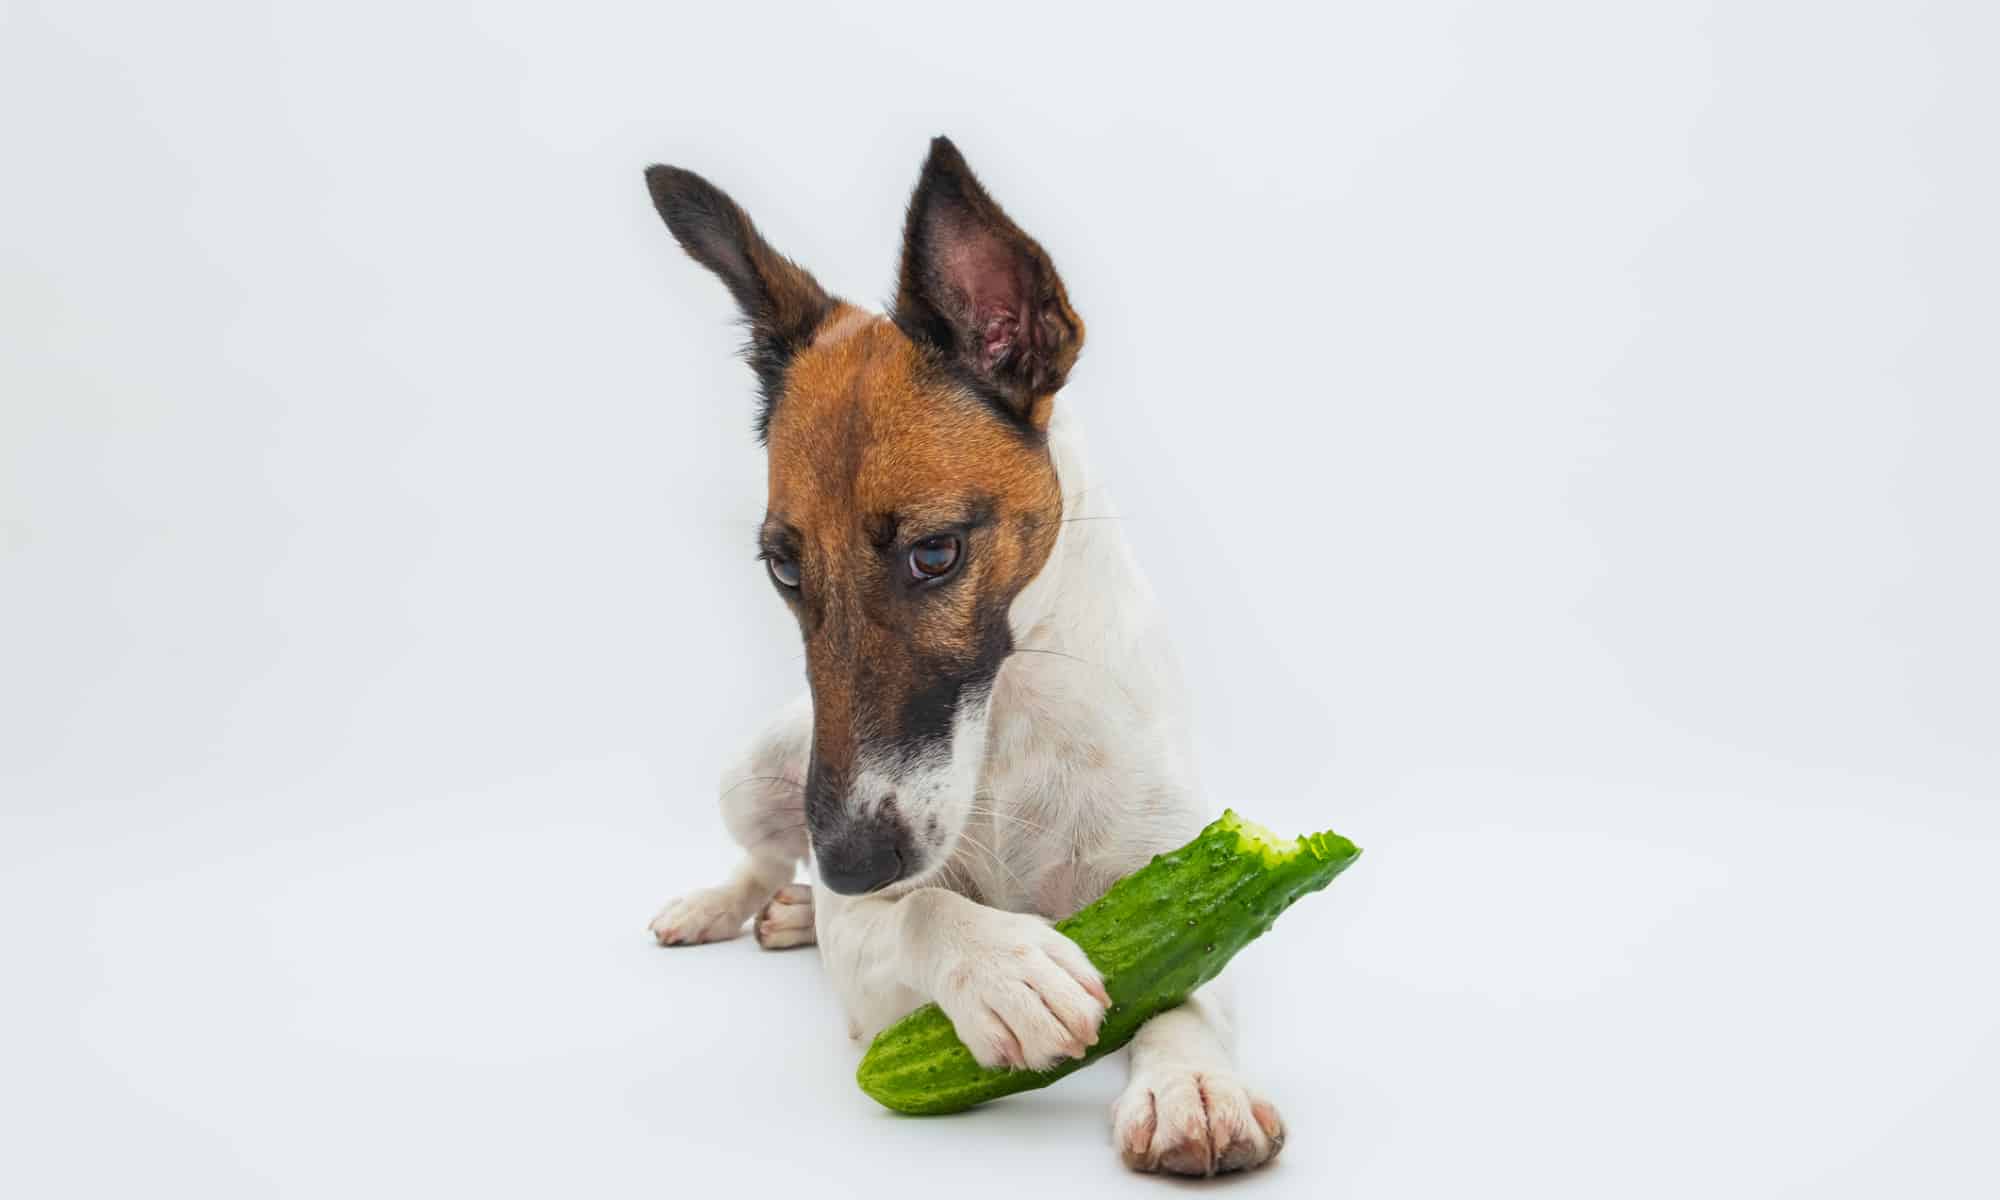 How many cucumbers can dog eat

...

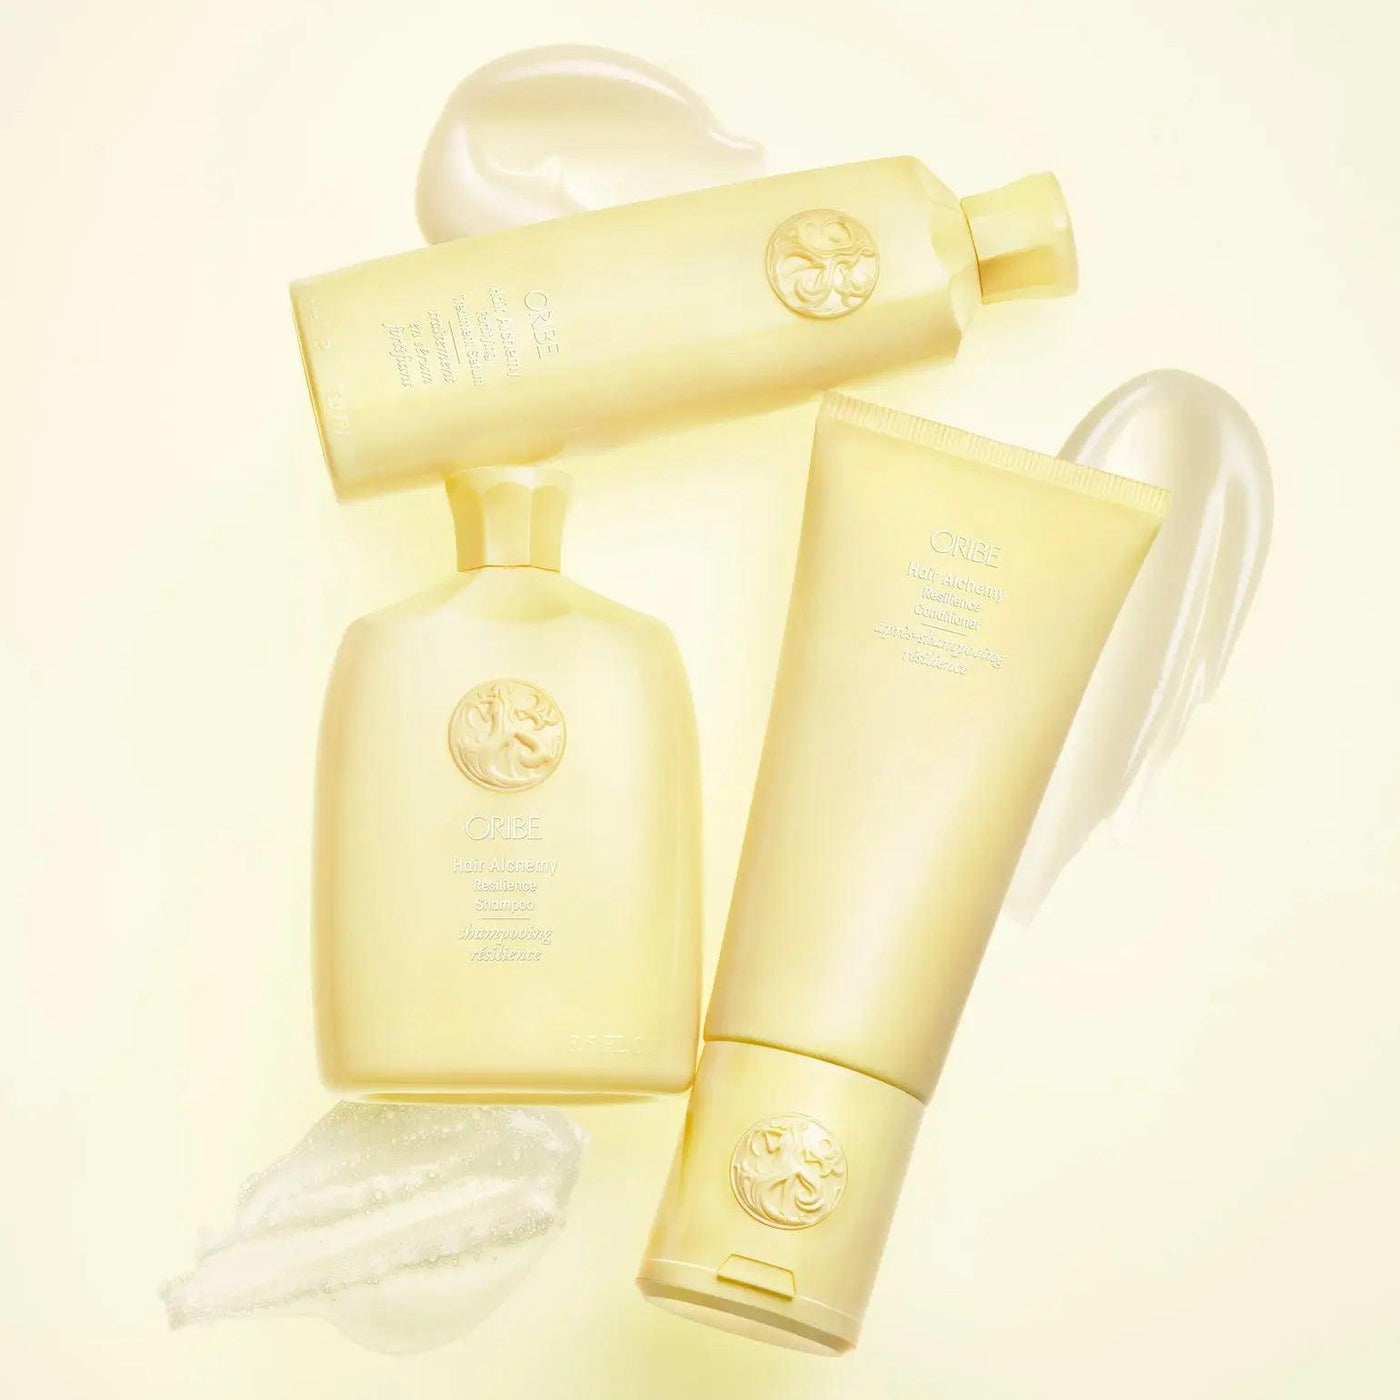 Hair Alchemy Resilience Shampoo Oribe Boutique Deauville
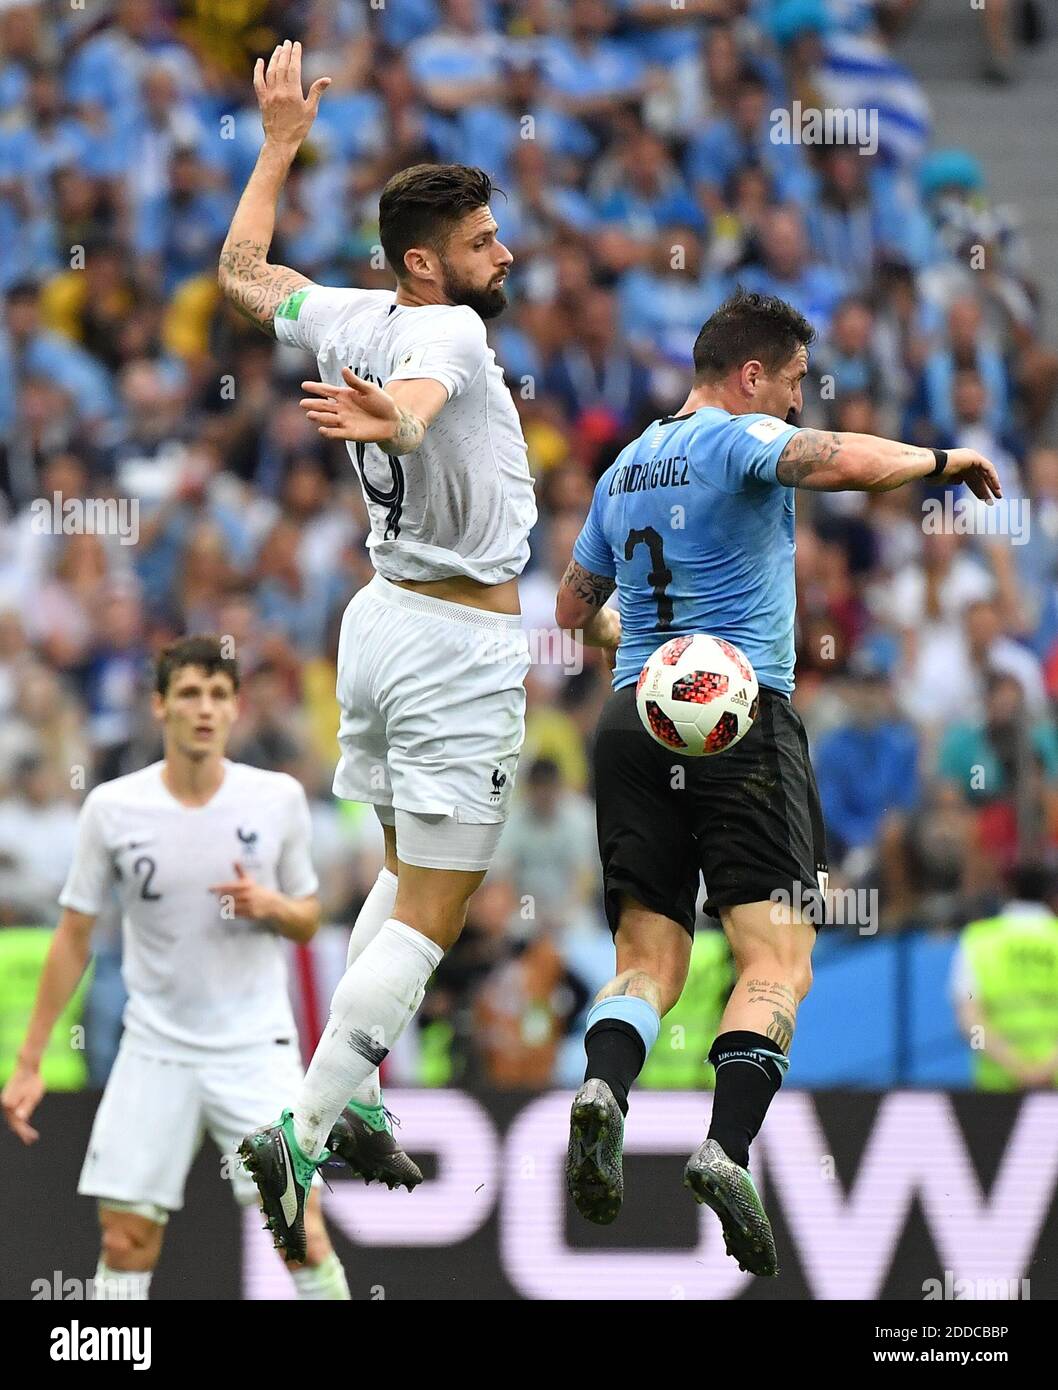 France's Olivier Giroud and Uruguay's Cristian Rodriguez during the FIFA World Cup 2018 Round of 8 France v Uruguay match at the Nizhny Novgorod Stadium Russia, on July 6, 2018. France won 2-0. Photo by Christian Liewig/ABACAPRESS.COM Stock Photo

## THE PROBLEM
Your answer must be the exact lines from the records above, from the one containing "Hair Alchemy Resilience" through the one containing "France's Olivier Giroud", both included, with every picture left out.

## REPLY
 Hair Alchemy Resilience Shampoo Oribe Boutique Deauville
 France's Olivier Giroud and Uruguay's Cristian Rodriguez during the FIFA World Cup 2018 Round of 8 France v Uruguay match at the Nizhny Novgorod Stadium Russia, on July 6, 2018. France won 2-0. Photo by Christian Liewig/ABACAPRESS.COM Stock Photo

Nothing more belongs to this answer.